PPIase, also known as peptidyl-prolyl cis-trans isomerase, refers to a class of enzymes that catalyze the interconversion of the cis and trans isomers of proline peptide bonds in proteins. The term PPIase stands for peptidyl-prolyl isomerase, where the prefix "peptidyl" signifies that the enzyme acts on the peptide chains, "prolyl" relates to its specificity for proline residues, and "isomerase" implies its role in catalyzing isomerization reactions.
PPIases play a crucial role in protein folding and conformational changes, as the cis and trans isomeric forms of proline residues can adopt distinct protein conformations. By catalyzing the conversion between these isomers, PPIases assist in enhancing the efficiency of protein folding, stability, and biological activity. These enzymes are found ubiquitously in nature, with different Isoforms and families identified across various organisms.
PPIases can be classified into three main families based on their structural and functional characteristics: cyclophilins, FK506-binding proteins (FKBPs), and parvulins. Cyclophilins are primarily targeted by cyclosporine A, a potent immunosuppressive drug, whereas FKBPs are modulated by FK506 and rapamycin. Parvulins, on the other hand, exhibit a different structural fold compared to cyclophilins and FKBPs.

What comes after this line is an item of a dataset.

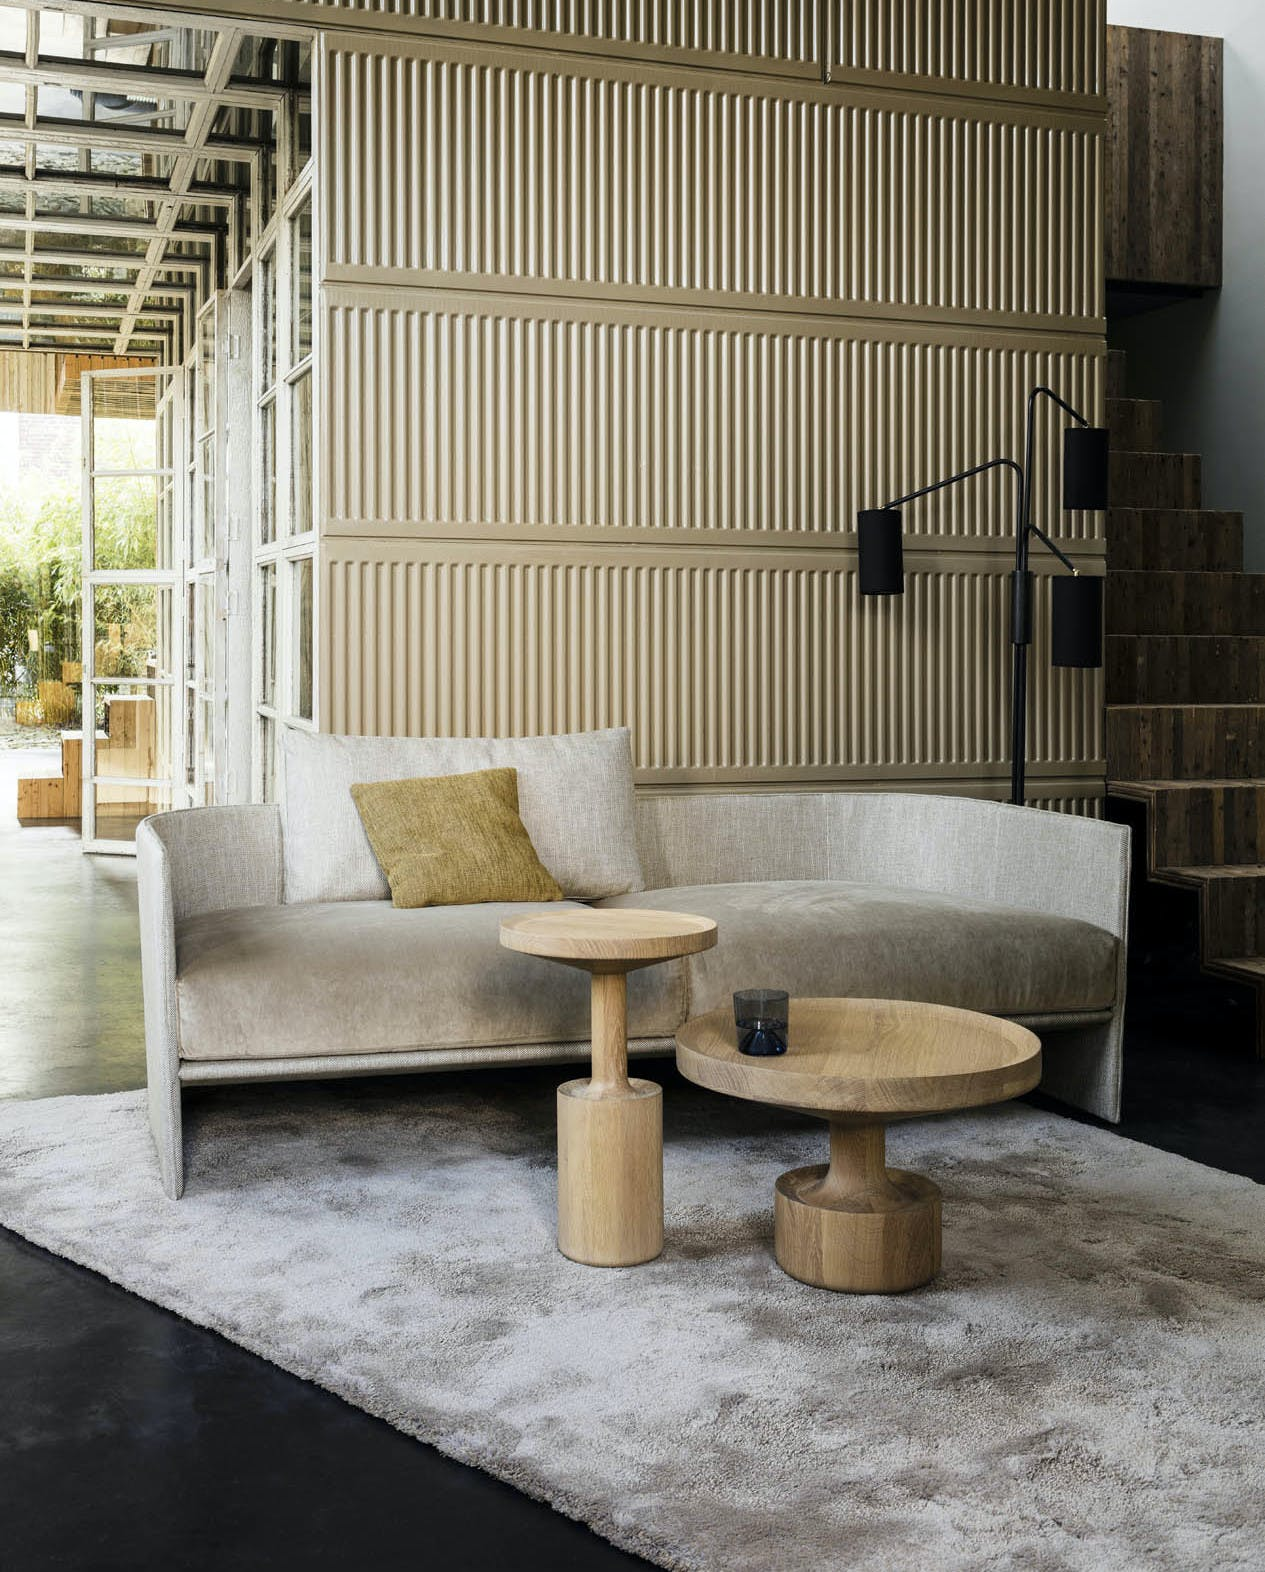 Linteloo-front-small-highline-sofa-institu-haute-living

Due to their involvement in critical cellular processes, dysregulation or malfunctioning of PPIases has been correlated with various diseases, including neurodegenerative disorders, cancer, and autoimmune conditions. Therefore, studying PPIases and their inhibitors has gained significant attention in drug development
The word "PPIase" is an abbreviation for "peptidyl-prolyl cis-trans isomerase". The etymology of this word can be broken down as follows:
1. Peptidyl: Derived from "peptide", referring to a short chain of amino acids joined together by peptide bonds.
2. Prolyl: Derived from "proline", which is an amino acid with a unique structure that affects protein conformation and function.

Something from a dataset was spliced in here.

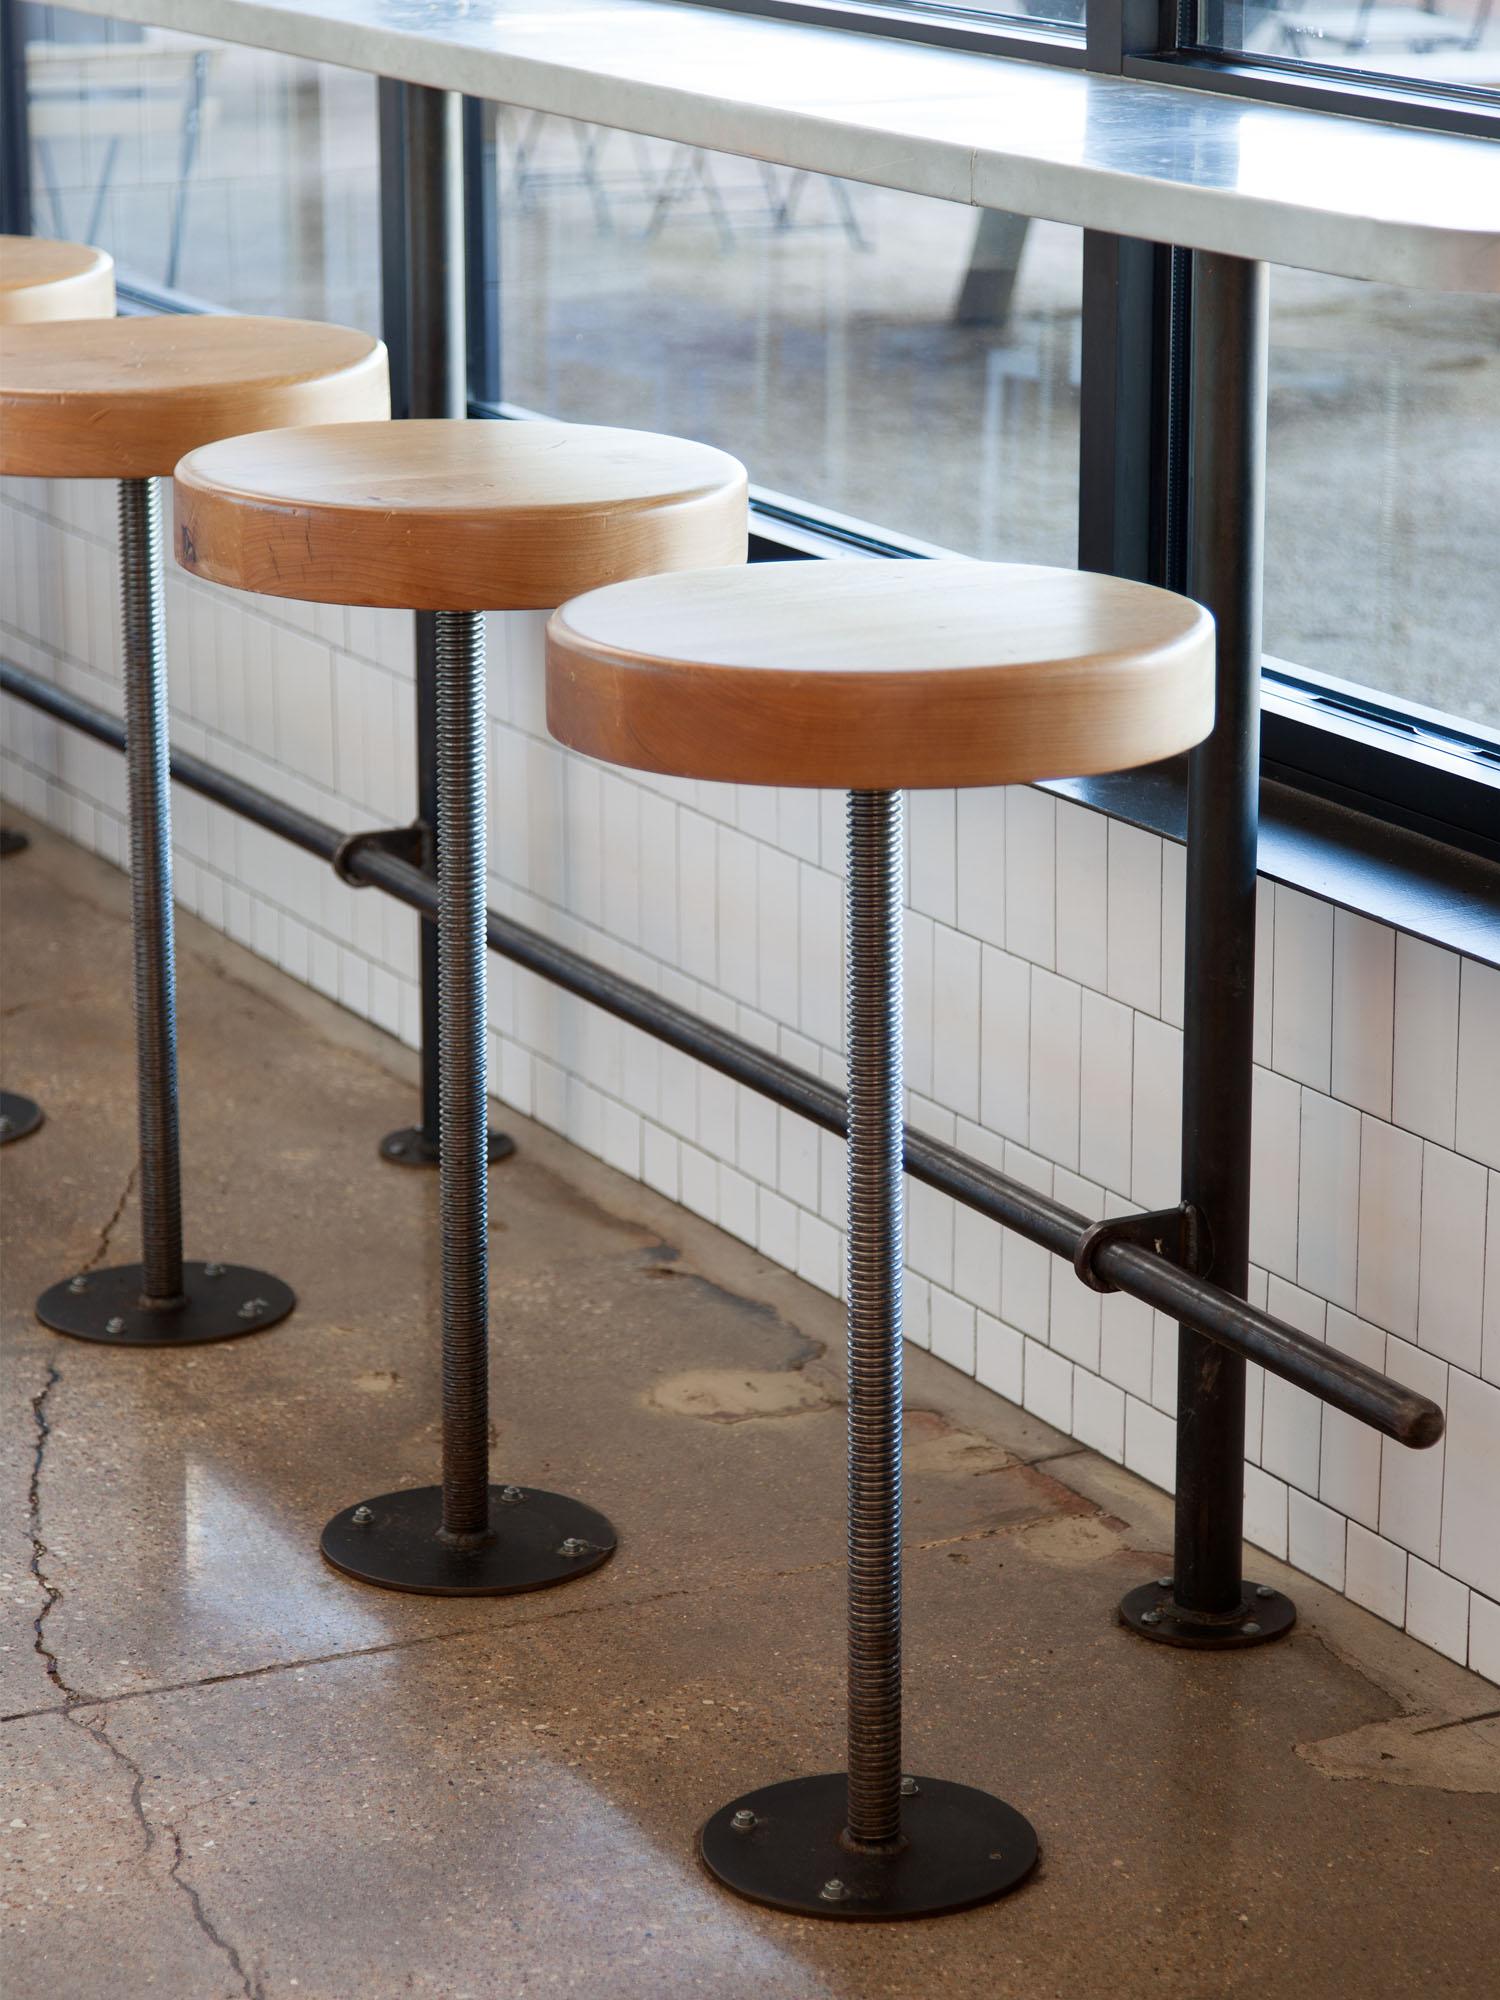 McCray & Co. - St. Philip - Custom Bake Shop Stools

3. Cis-trans: Indicates the isomerization process, where a peptidyl-prolyl bond can undergo a conformational change from cis (same side) to trans (opposite side) or vice versa.
4. Isomerase: Derived from "isomer", which refers to compounds with the same molecular formula but different structural arrangement. An isomerase is an enzyme that facilitates the interconversion of isomers.